Langkah yang ditempuh para sahabat adalah memahami isi al-Qur’an dan
hadis. Jika tidak ditemukan maka mereka berijtihad perorangan ataupun
mengumpulkan para sahabat untuk bermusyawarah. Ijtihad para sahabat mewariskan
metedologi yang dijadikan dasar dalam merumuskan ilmu fiqih.
b. Masa Tabi’in
Setelah periode sahabat maka munculah periode berikutnya. Pada masa ini
masalah mulai bertambah karena perluasan kekuasaan islam. Pada masa ini sumber
yang digunakan adalah sumber hukum dari dua periode sebelumnyadiantara tabi’in
dengan kemampuan tinggi dalam berfatwa adalah Said bin al-Musayab (Madinah),
Al-Qamaah ibn Qays, dan Ibrahim Al-Nakha’i.

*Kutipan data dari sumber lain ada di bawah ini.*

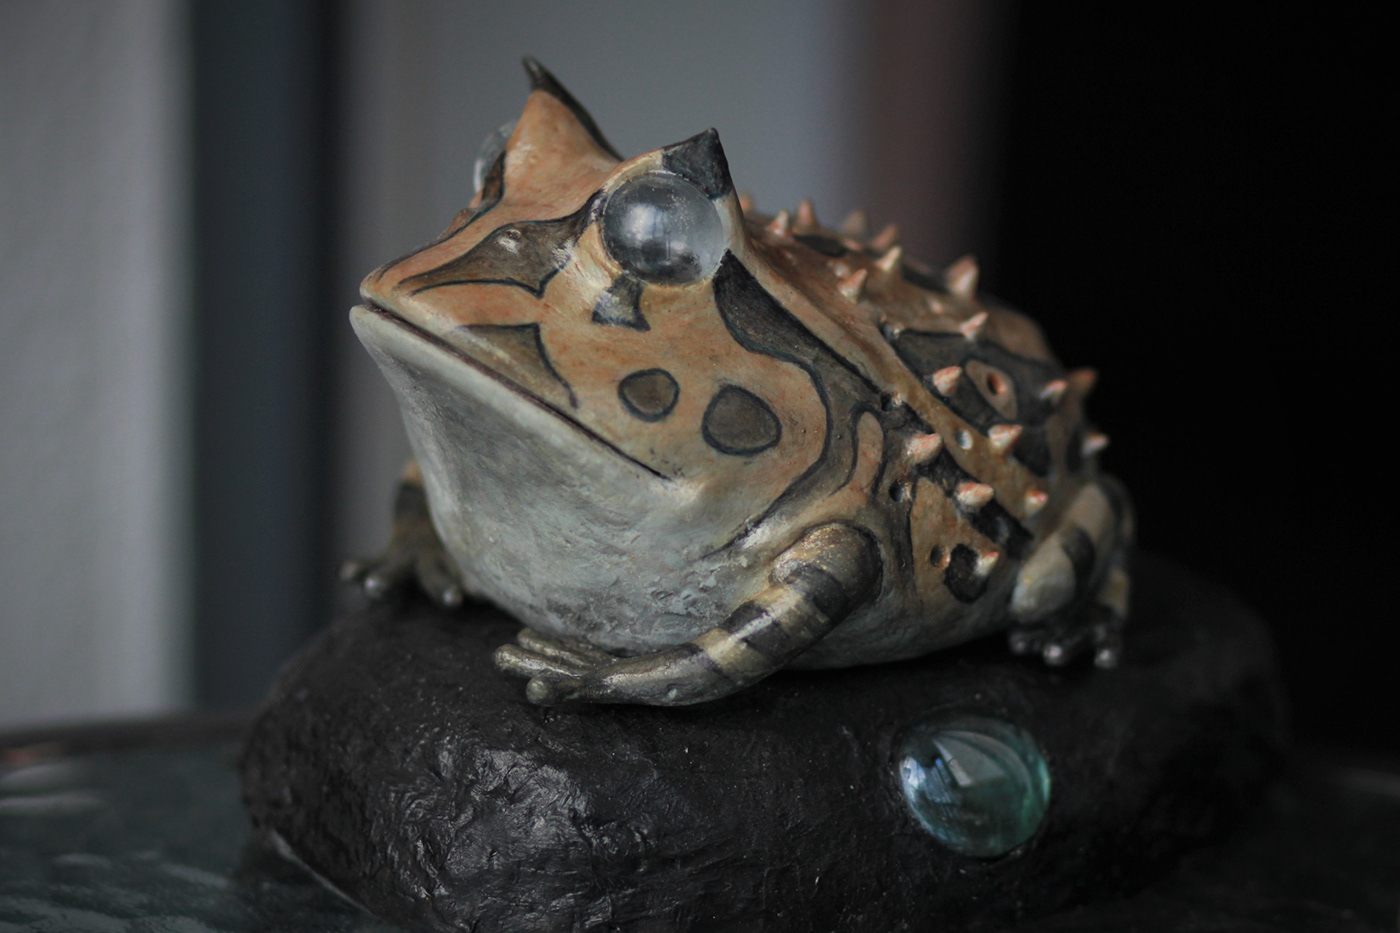 frog frogs lighting lamps sculpture art handmade crafting Bedroom interior bedside lamp pacman frog

c. Mujtahid sebelum Imama Syafi’i
Pada masa ini dikenal dengan dua tokoh yaitu Imam Abu Hanifahdan Imam
Malik. Imam Abu Hanifah pendiri madzhab Hanafi menggunakan istinbatnya secara
beruntun yaitu Al-Quran, sunah dan fatwa sahabat. Beliu tidak berpegang pada
pendapat tabiin karena posisinya yang sejajar dengan mereka.

7
Imam Malik dalam ijtihadnya juga memiliki metode yang sangat jelas, seperti
praktik ahli madinah sebagai sumber hukum. Dan pada masa ini pun ilmu fiqih belum
dibukukan.
d. Pembukuan ilmu fiqih
Awalnya pembukun ilmu fiqih dilakukan oleh Imam Abu Yusuf tetapi tidak
sampai pada kita. Adapun yang menyusun dan memodifikasi kaidah dan bahasan
dalam ilmu fiqih adalah imam Syafi’I maka populerlah tokoh yang pertama menyusun
ilmu fiqih adalah imam syafi’i.
Munculnya kitab al-risalah merupakan fase awal perkembangan ilmu fiqih
sebagai sebuah disiplin ilmu. Secara umum kitab ini membahas tentang landasan-
landasan pembentukan fiqih, yaitu: Al-Qur’an, sunah, ijma, fatwa sahabat, dan qiyas.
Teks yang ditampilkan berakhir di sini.